At its most basic, the premise for Missing Pieces sounds like another Hollywood gorefest courtesy of some guy who had some tertiary connection to the Saw or Hostel franchises. But the 117-minute film, written and directed by Kenton Bartlett, never travels the horror-genre journey. Instead, David and his kidnapped guinea pigs (played convincingly and innocently by Daniel Hassel and Taylor Engel) come off as sentimental victims stuck in dull existences. After a while, one forgets that David has kidnapped these two teenagers and is filming their every spoken word and movement.

The inevitable relationship that builds between Daylen (Hassel) and Maggie (Engel) is treated with such a distinctive preciousness that it feels purely organic. Sweet acoustic songs play in the background as the two learn about each other and slowly move closer physically and emotionally. There’s one sequence when the two go boating on a lake, which Bartlett is able to film with a pastoral wholesomeness that feels sweet and romantic.

As this love is fostered, David tries to rekindle a relationship with his girlfriend, played by Melora Walters. Just as the two young lovers are finding inspiration and connection, David is sadly unable to mimic their actions.
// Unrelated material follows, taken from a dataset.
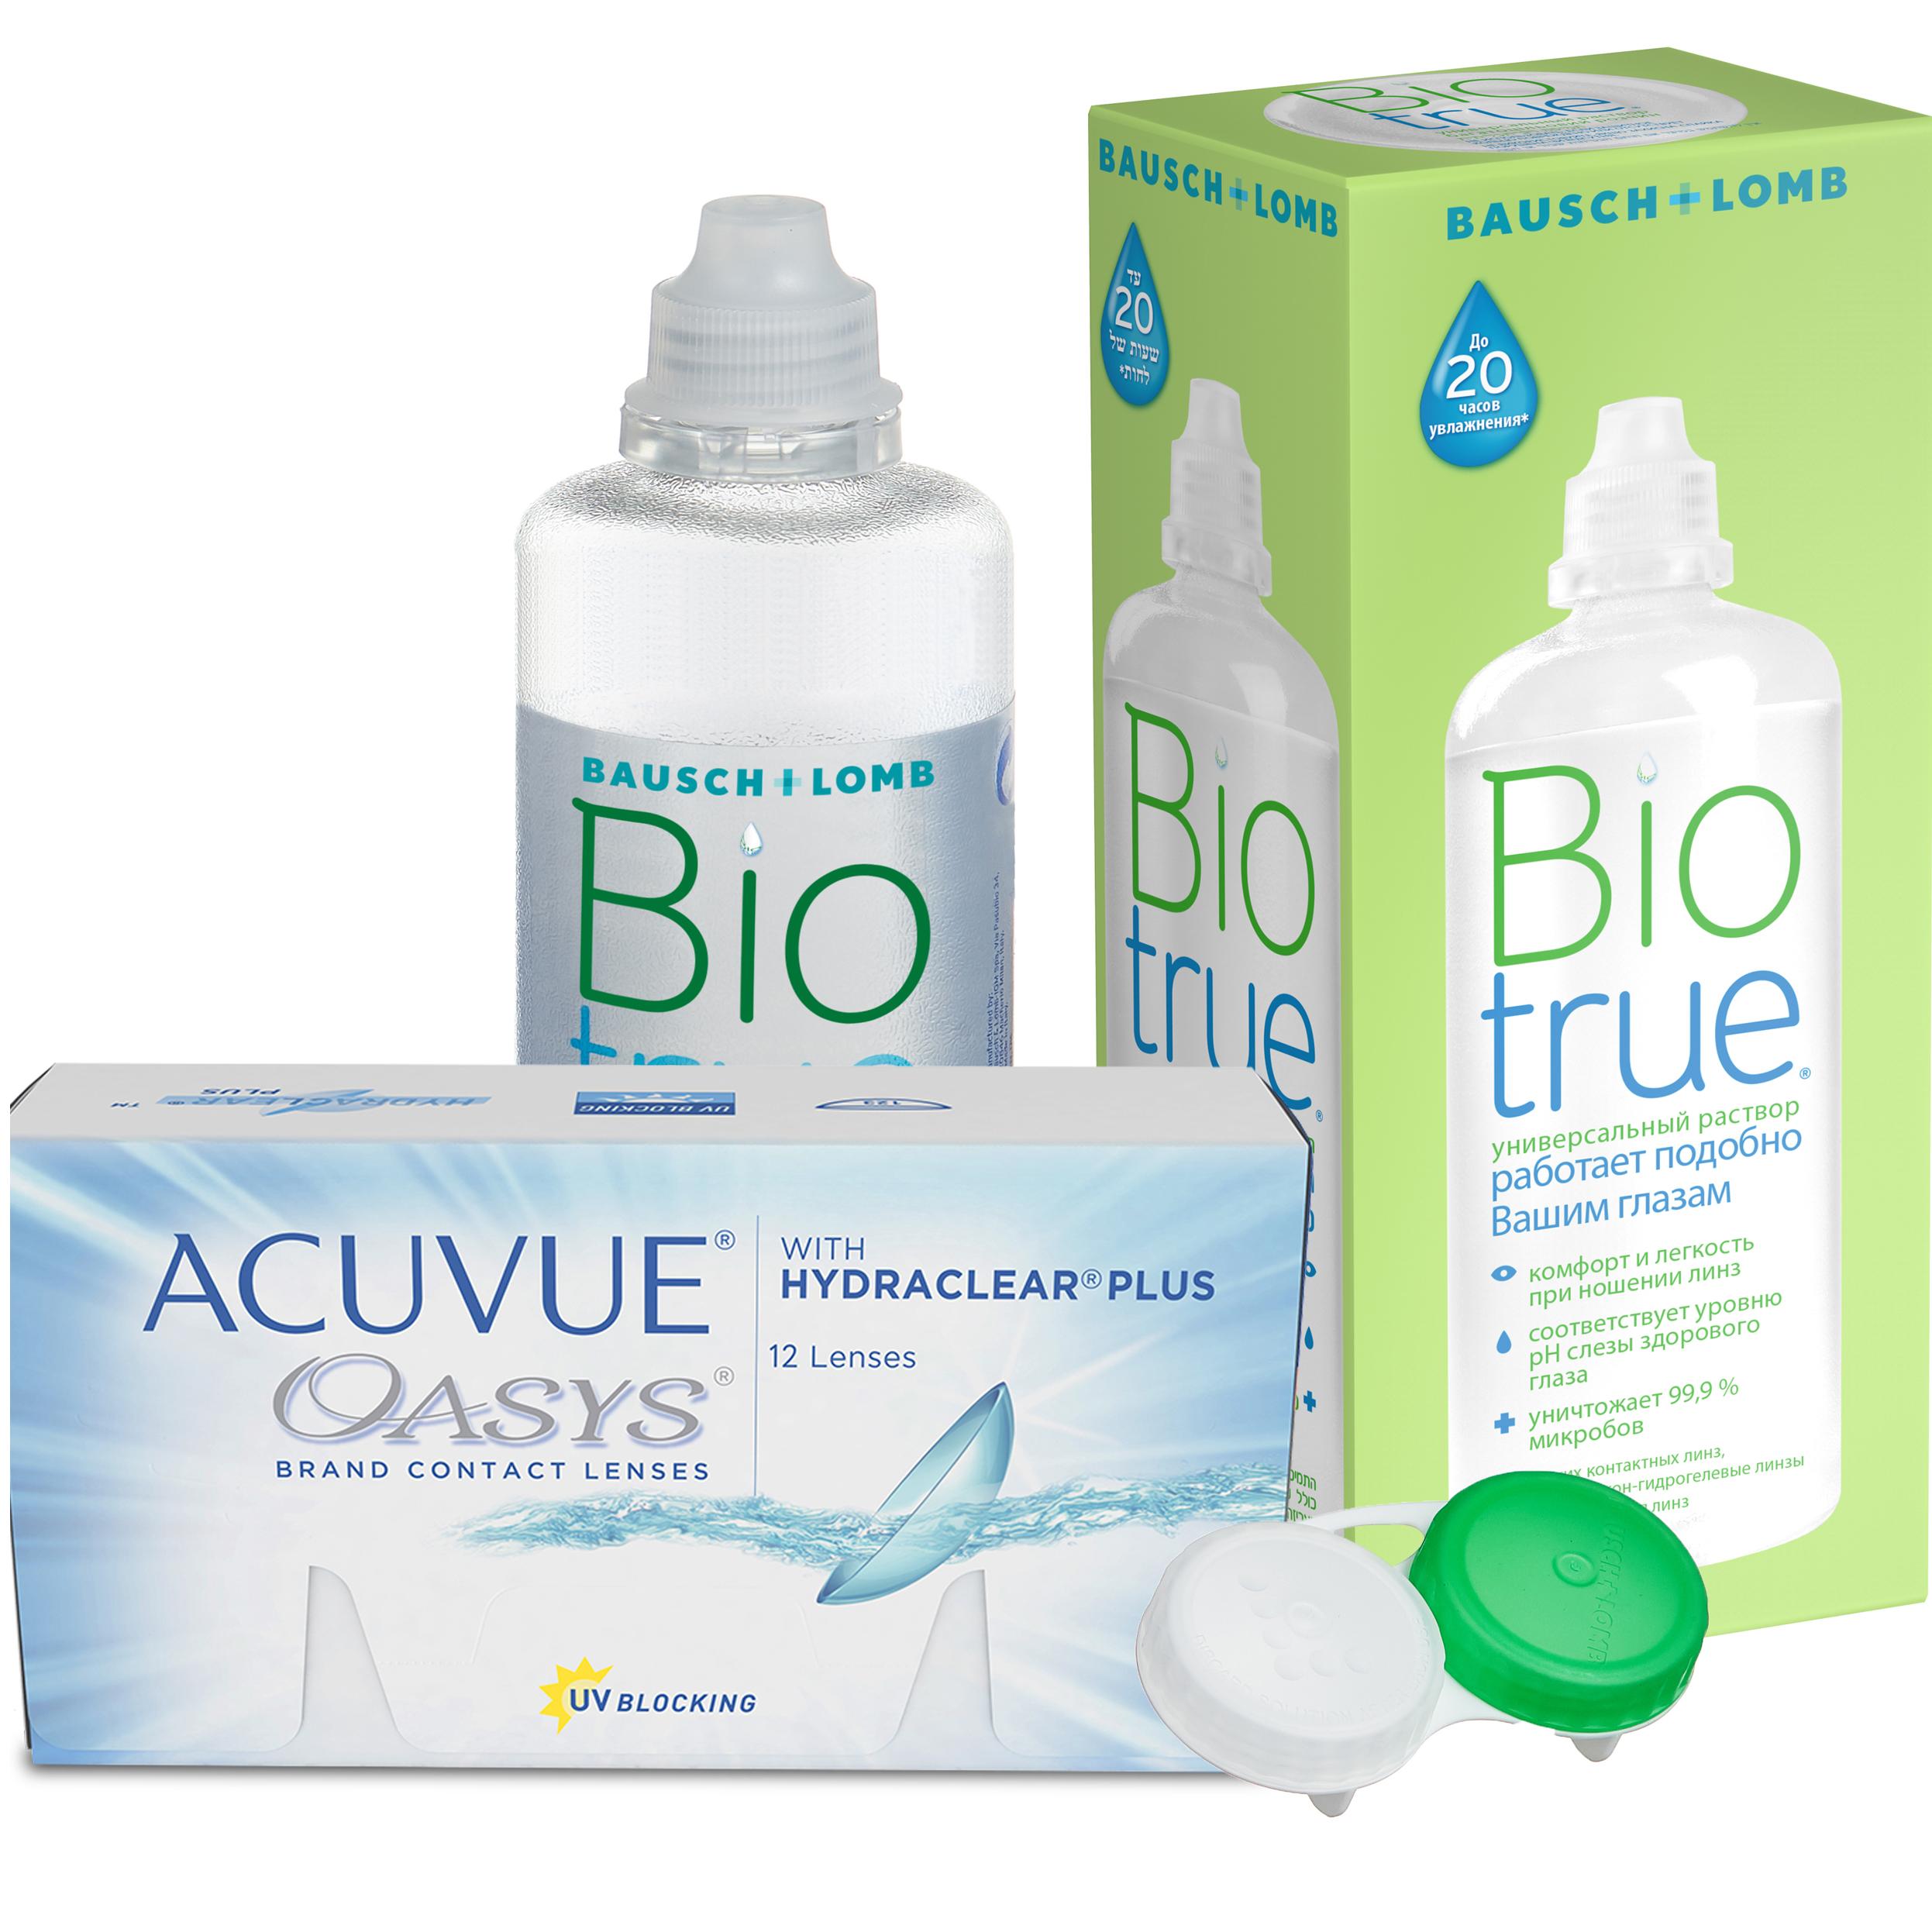 Купить Oasys with Hydraclear Plus 12 линз + Biotrue, Контактные линзы Acuvue Oasys with Hydraclear Plus 12 линз R 8.8 +5, 25 + Biotrue 300 мл

These parallel stories are what gives Missing Pieces its tug-of-war storytelling technique. Boone and company are able to sell their parts without coming off sappy or melodramatic.
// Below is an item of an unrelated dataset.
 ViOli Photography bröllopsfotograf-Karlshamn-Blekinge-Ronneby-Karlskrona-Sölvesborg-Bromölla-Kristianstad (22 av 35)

Not everything is perfect.

The movie is edited in a needlessly frenetic manner. Many of the scenes are chronologically out of order and the quick cuts can often become dizzying. Bartlett, who is certainly a filmmaker to follow, will soon learn that less is more. Getting in the way of his creations holds them back from fully blossoming on the screen.

However, for a feature debut, Missing Pieces is a touching portrait of wayward lives in search of connection. Don’t judge this book by its cover. It’s much more than a deranged horror movie. Somehow, despite its far-fetched plot, it finds a palpable humanity.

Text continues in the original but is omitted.